They are filmmakers who call themselves the ‘Thai Guys!’
You likely have never heard of these three brothers who make films here in Seattle. But they are setting an example for filmmakers who don’t fit the standard American mold.
In this edition of Western Washingon Gets Real, KIRO 7′s Deborah Horne sat down with the trailblazing brothers at King County’s newly christened Harbor Island studios.
They are an unlikely trio of filmmakers.
“It started with Nuk and I making homemade films with our mom’s Sony, first Sony digital cameras, what about fifteen years ago,” said Note Suwanchote. “Then we brought Nut on and we would make movies.”

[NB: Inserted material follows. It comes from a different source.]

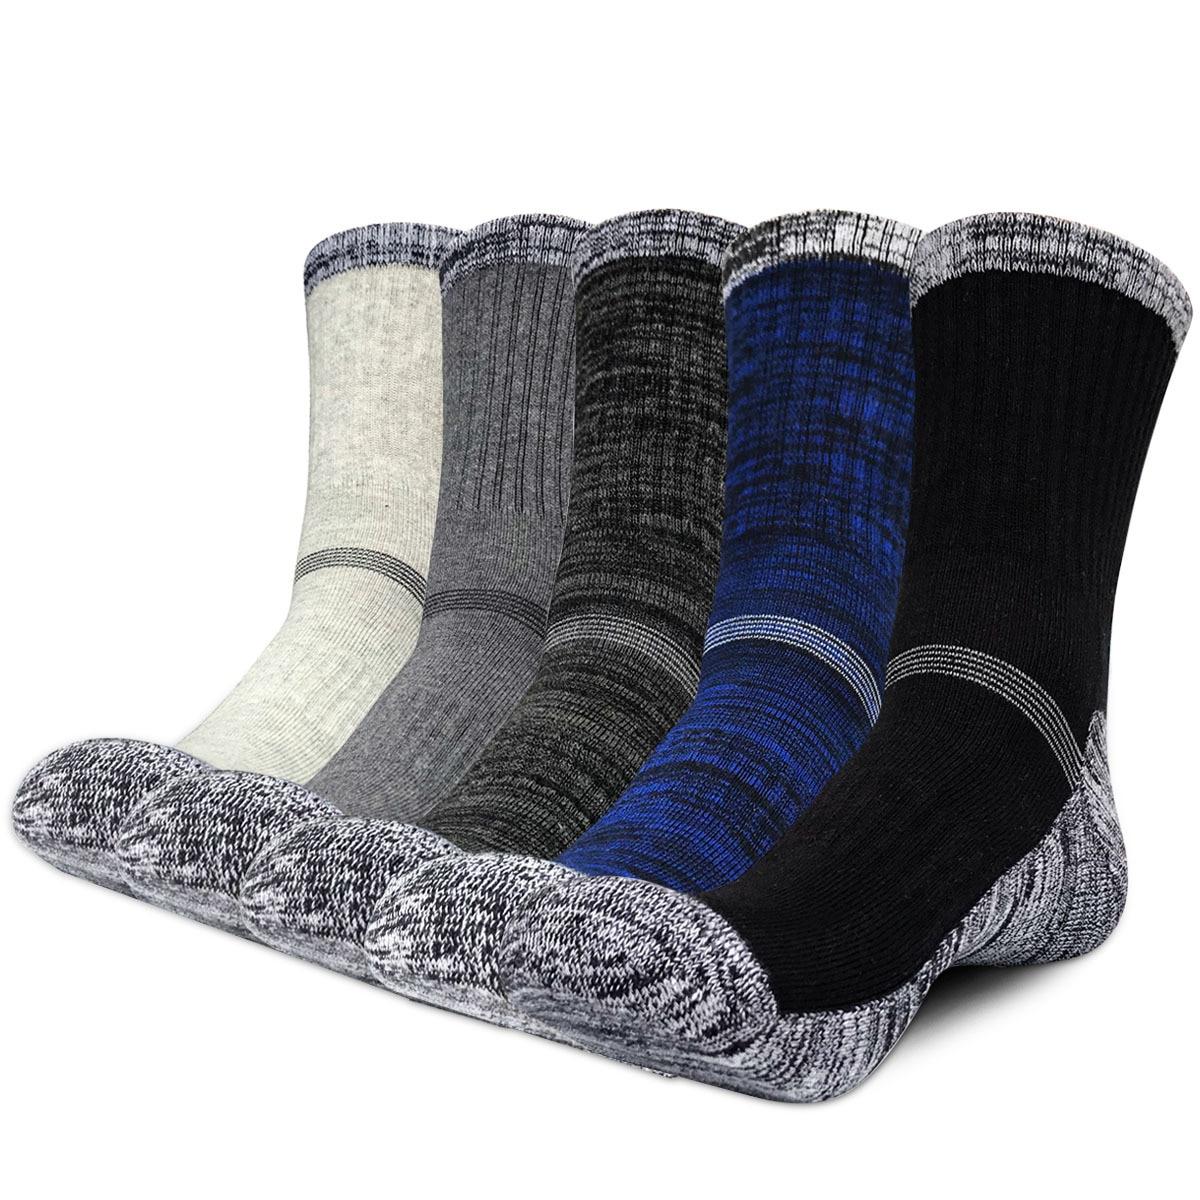 Winter Men   Socks   Thicken Thermal Wool Pile Cashmere Snow   Socks   Climbing Hiking Sport Seamless Boots Floor Sleeping   Socks   For Men

31-year-old Note, 29-year-old Nuk, and 28-year-old Nut Suwanchote were born in Thailand, and raised in Des Moines.
“And we would make movies in our garage,” said Note.
“Eighteen years ago,” his brother, Nuk, corrected him.
“In front of our house,” Note continued. “Eighteen years, is it eighteen years? Energy blasts, these funky films. And it just grew from there.”
His brothers were inspired by him.
“My older brother was already playing with the camera,” said Nuk. “He was taking photos and I was taking photos. I was like, ‘My god, I can capture reality?’ And he was like ‘You can actually take videos.’ And I was like, ‘What? I can capture reality? Yes. ‘And morph it to my will, right?’ And he’s like ‘Yeah, that’s filmmaking.’ And I was like, I need to get on this now.
How old was he? “I was 11.”
Eventually, they brought their youngest brother along.
“Sort of,” said Nut, laughing. “You know they didn’t have a lot of actor friends. They didn’t have a lot of friends back then, you know, 10. 11 (years old). So, he’d be like, ‘Hey, let’s shoot a Zombie film.’ And I’m both like the main character and the zombie. ‘Good, now like put blood on your face and die.’ "
And they did it all, nary a role model in sight.
“To be honest, we grew up, we knew of zero people in Thailand or of Thai descent making movies,” Note said. “And so, I think we were generally the only filmmakers in general in our community, for a long time. And then as we got older, we realized there were other filmmakers of Asian descent as well.”
“We are also the only Thai people we knew,” said Nut.
“Yeah, that’s true,” agreed Note, laughing. “Exactly. That’s a good point.”
“We went to whatever, ‘Hey, do you know any other Thai?’” Nut said he would ask people. “‘Oh, I know Note.’ That’s my brother. ‘Oh, I know Nuk.’ That’s my brother.”
So, they had to rely on each other to be filmmakers.
“We had to rely on each other,” Note said. “We did.”
That family bond appears to be paying off.
Last March, Nuk’s company, Empower Video Productions, won a coveted slot to premiere a film they made in 48 hours at the renowned Cannes Film Festival in France. Then in May, at Cannes, the film was declared third best in the world.
“Being an Asian person, you have to work double, triple, 10 times as hard to be average,” said Note. “And that’s not something applicable to somebody who’s Caucasian. And people skirt around that issue. Because you don’t have that representation and media changes facts. So, what we do is challenging but essential.”
And it is leading the way so others may follow.
The brothers credit their immigrant parents, artists in their own right, with encouraging them to follow their filmmaking dreams, as long as they made enough money to pay rent.
And on that score, they are doing just fine.